Record set:
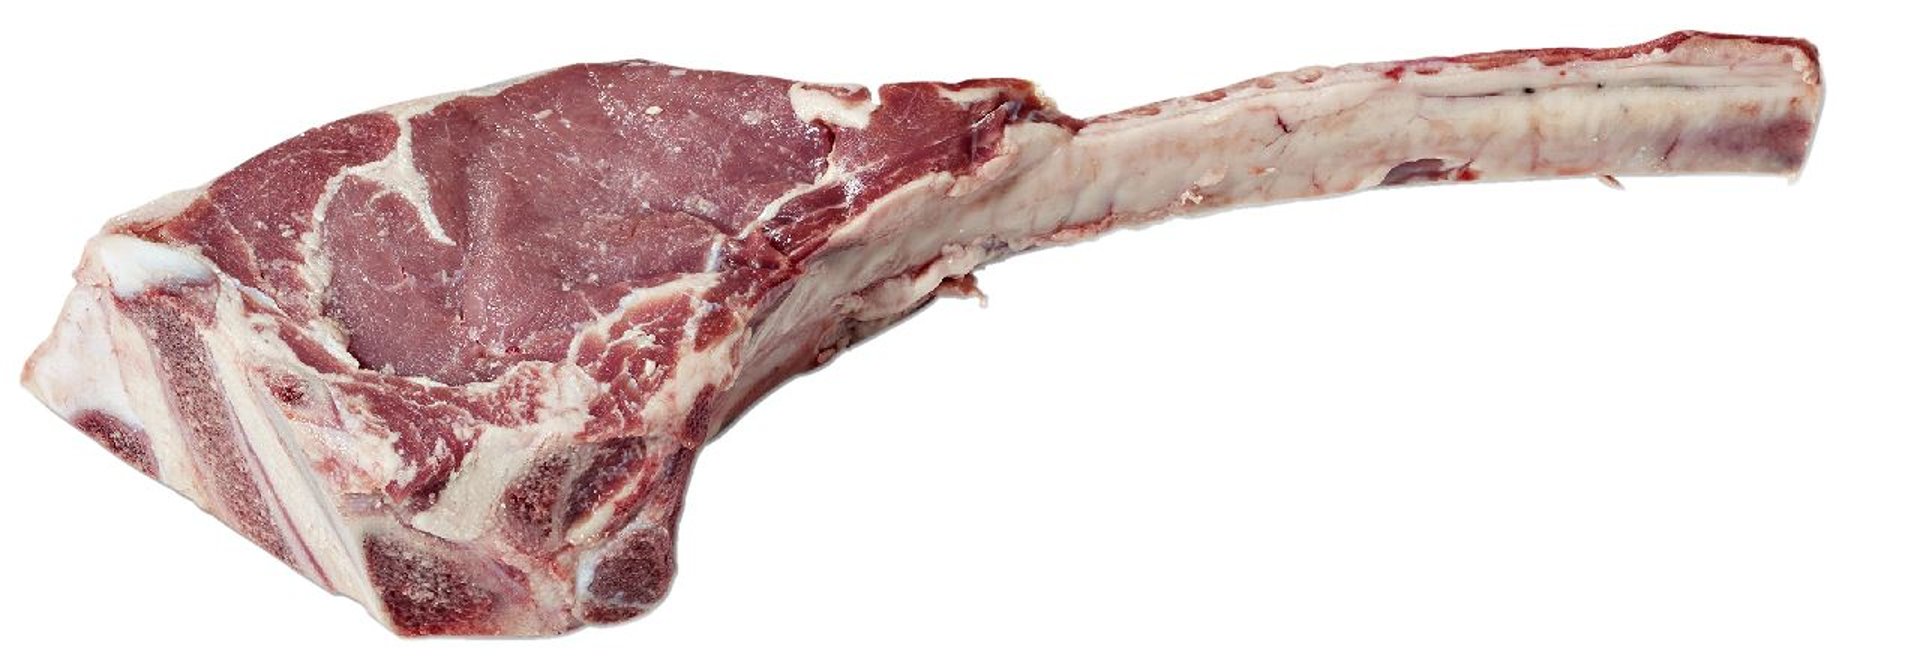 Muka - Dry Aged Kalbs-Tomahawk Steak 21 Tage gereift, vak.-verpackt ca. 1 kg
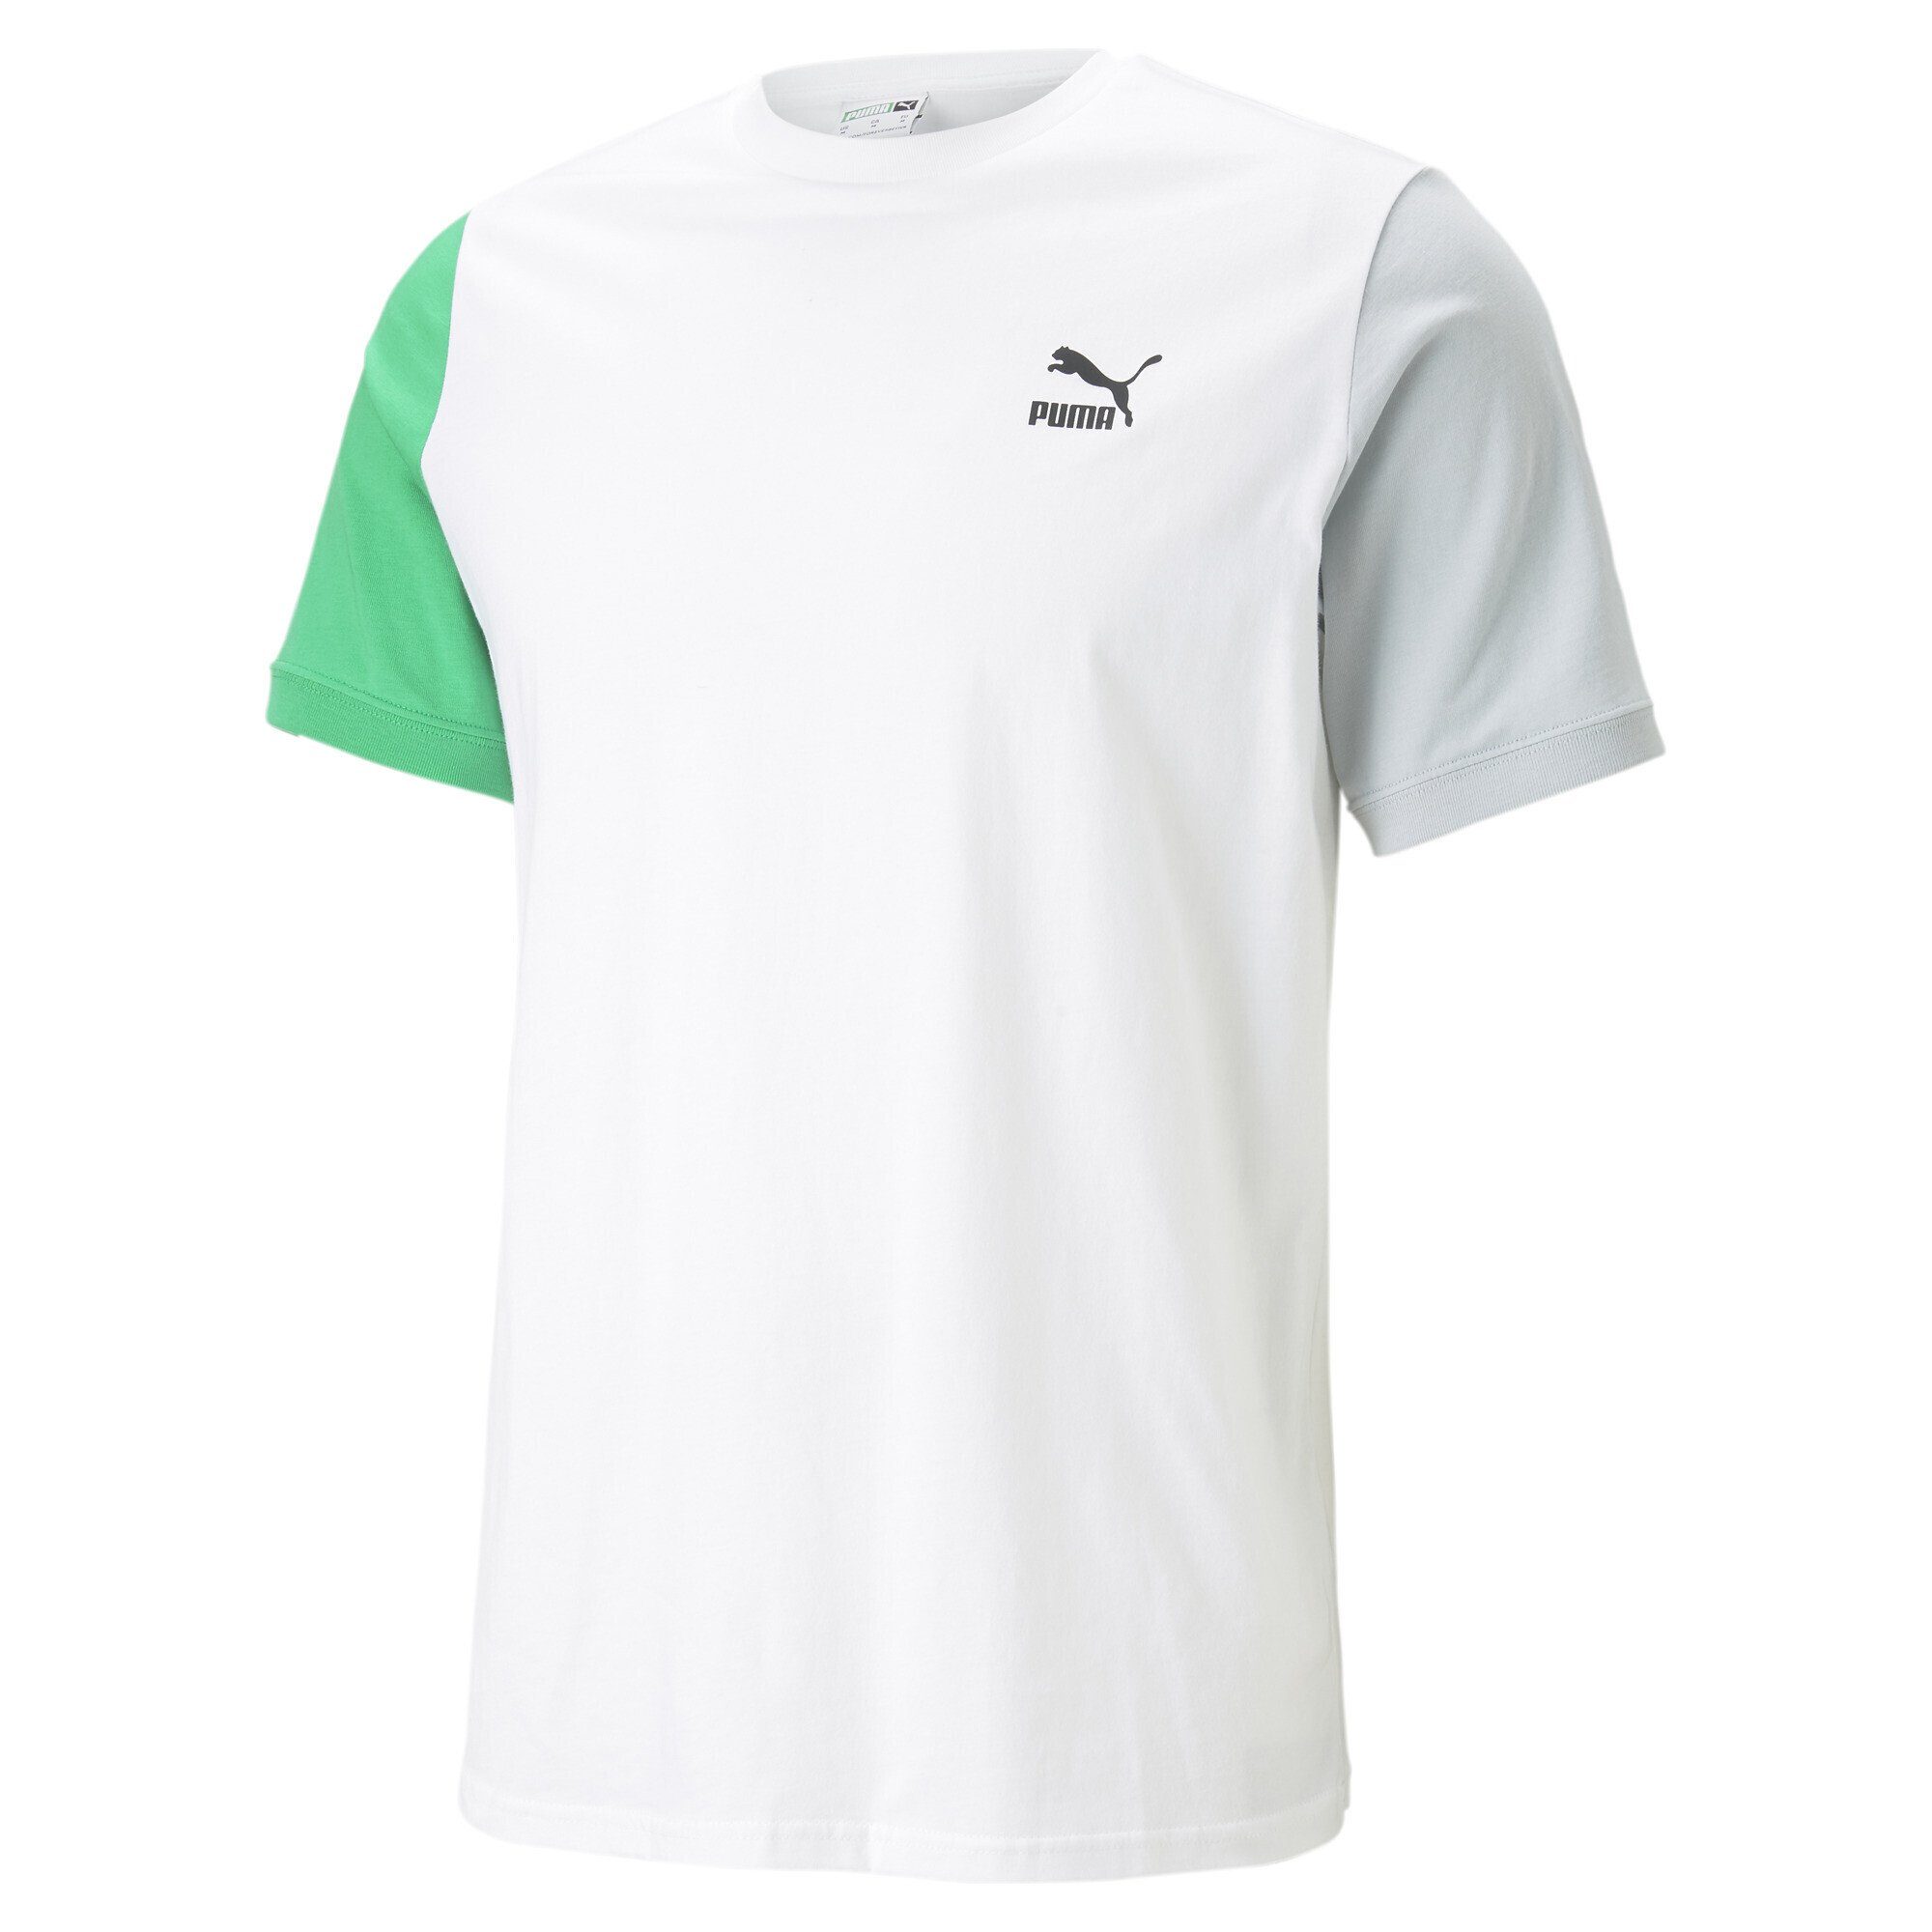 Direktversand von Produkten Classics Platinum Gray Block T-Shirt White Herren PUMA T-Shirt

--

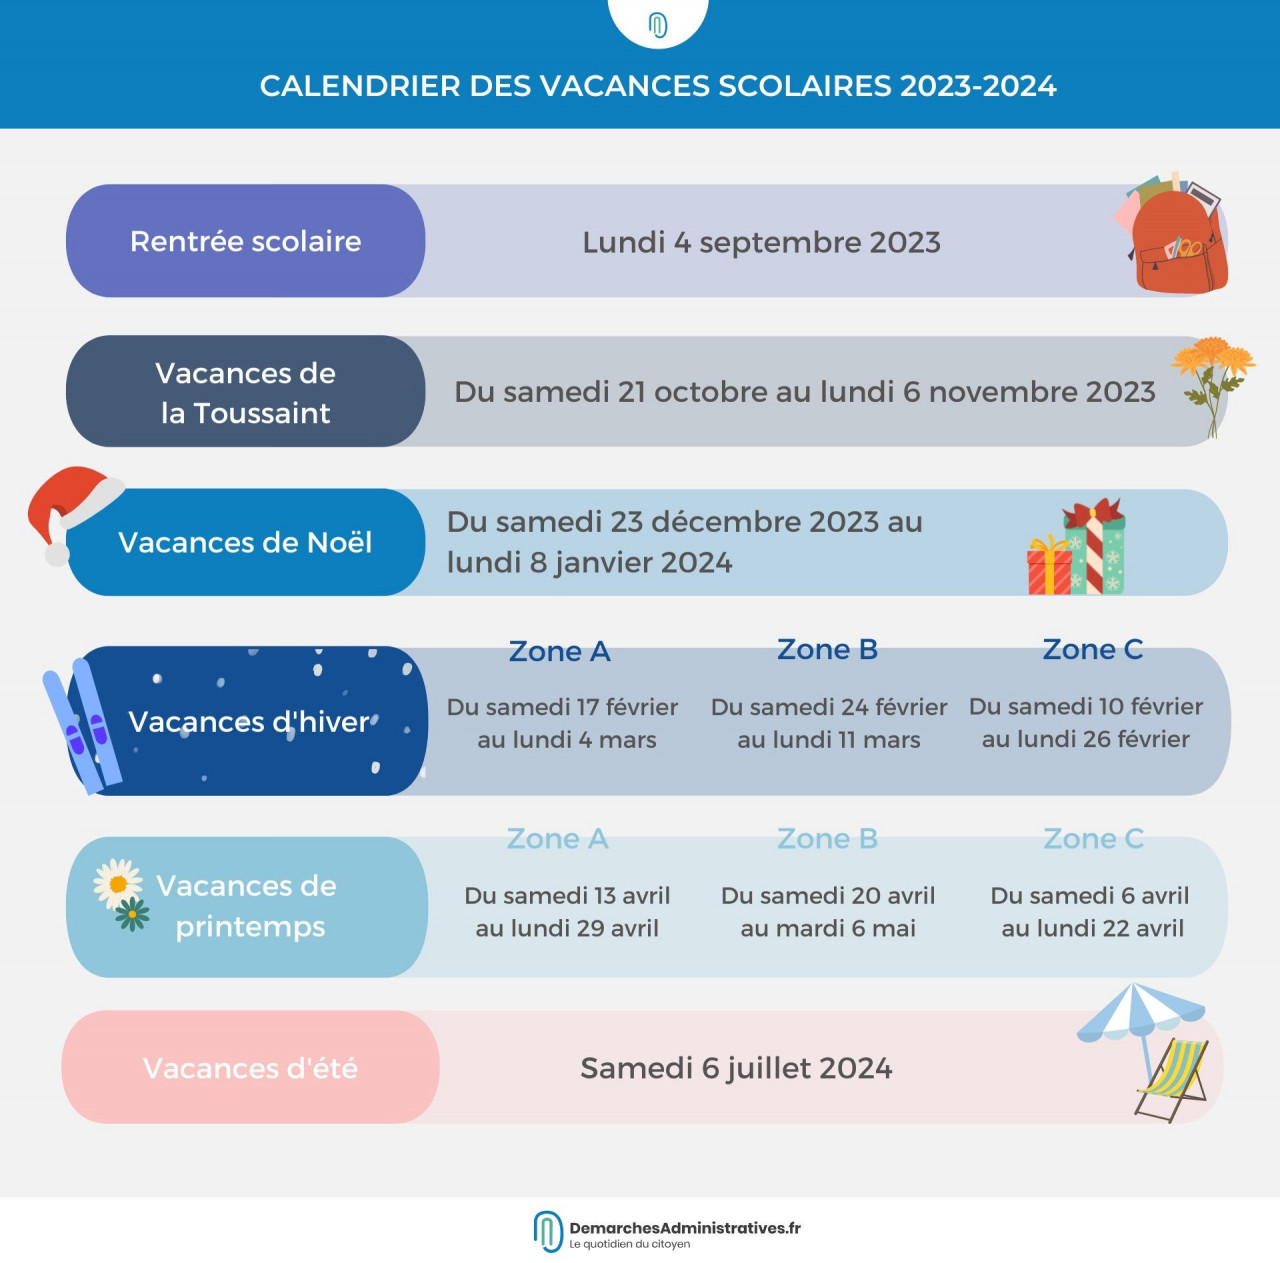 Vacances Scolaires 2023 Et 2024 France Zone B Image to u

Work request:
From the material above, reproduce only what runs from the line holding "Muka - Dry Aged" down to the line holding "Direktversand von Produkten", both included, pictures excluded.

Response to this exercise:
 Muka - Dry Aged Kalbs-Tomahawk Steak 21 Tage gereift, vak.-verpackt ca. 1 kg
 Direktversand von Produkten Classics Platinum Gray Block T-Shirt White Herren PUMA T-Shirt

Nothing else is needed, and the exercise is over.